Александр Туркин - Рассказы и повести дореволюционных писателей Урала. Том 2
— По Тунтору лесу быть не должно, так точно.
— А куда он делся?
— Вырубили-с.
— Кто вырубил?
— Вам хорошо известно. Я всегда докладывал своевременно.
— Докладывал, своевременно! Действительно, докладывал, только не своевременно. Боже мой, самовольные порубки в 20, в 30, в 100 тысяч дерев, неизвестно кем учиненные! Чудеса! Строили барки, плотили плоты, работали сотни рабочих, и обо всем этом только тогда стало известно, когда барки и плоты уплыли, рабочие разбрелись по домам и всякие следы исчезли, кроме пней да голого места. О, господи! Как земля тебя носит, Ирод? Ну, хорошо. Дальше. Черная речка — тоже для вас не годится. Где же?
Старшина думал, что можно бы указать Ванькину гарь, Медвежий лог и тому подобное, однако молчал и тоскливо смотрел на ярко раскрашенную карту дачи.
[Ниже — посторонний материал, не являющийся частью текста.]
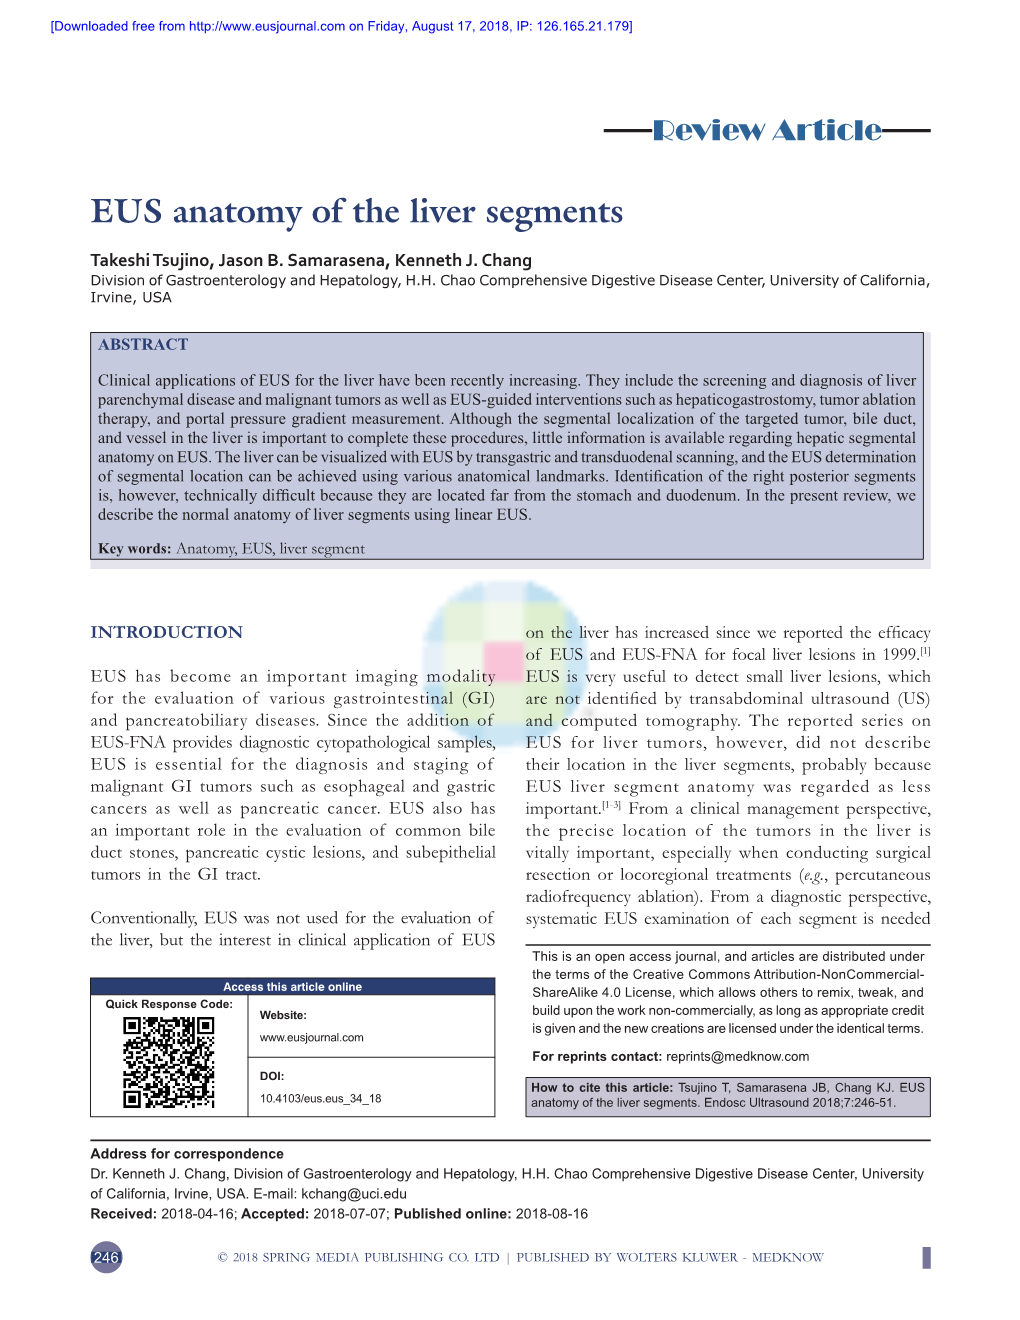 EUS Anatomy of the Liver Segments

Молчание его начинало производить странное действие на Псалтырина: мысли его невольно возвращались к Сухому логу, о котором просили мужики, и ему стало казаться, что нет решительно никаких оснований отказывать в их просьбе и что все доводы за отказ лишены всякого смысла. Впрочем, если б старшина не молчал, а настаивал, Псалтырин нашел бы опять тысячу возражений.
— Ну, что же ты молчишь?
— Воля ваша.
— Ну, однако?
— Да что… как хотите, так и делайте.
— Странный ты человек, Тихон Иваныч! Ну, а ты как думаешь, Ирод? — обратился Псалтырин к Голубеву:- Можно им Сухой лог отвести?
— Отчего нельзя? Можно.
— Да ведь сам же ты говорил, что они тогда весь Епанчин бор перепортят?
— Можно сторожей для охраны поставить.
— Сторожей, сторожей. Это мошенников-то, воров, негодяев? За штоф сами себя продадут. Будут пьянствовать, безобразничать, обирать мужиков — вот и все. Уж именно приставить козла караулить капусту.
— Как угодно. Мое дело сторона.
— Будто бы? А, говорят, кто-то уж и цену объявил по 20 рублей со двора, а?
Голубев чуть-чуть покраснел и несколько глухо проговорил:
— Какую цену?
— За право вырубки леса из ближайших мест, а?
— Не знаю-с.
— Не слыхал?
— Не слыхал-с.
— А ты не слышал, Тихон Иваныч?
— Насчет чего-с?
— Насчет того, что кто-то с погорельцев просил по двадцати рублей за вырубку леса?
— Не знаю-с… не слыхал-с. Кто бы это? Не знаю-с.
— Так, так. Не слыхал, не видал, знать не знаю, ведать не ведаю. Ох-хо-хо! Да, да.
Псалтырин опять сморщился, как от физической боли, и замолчал.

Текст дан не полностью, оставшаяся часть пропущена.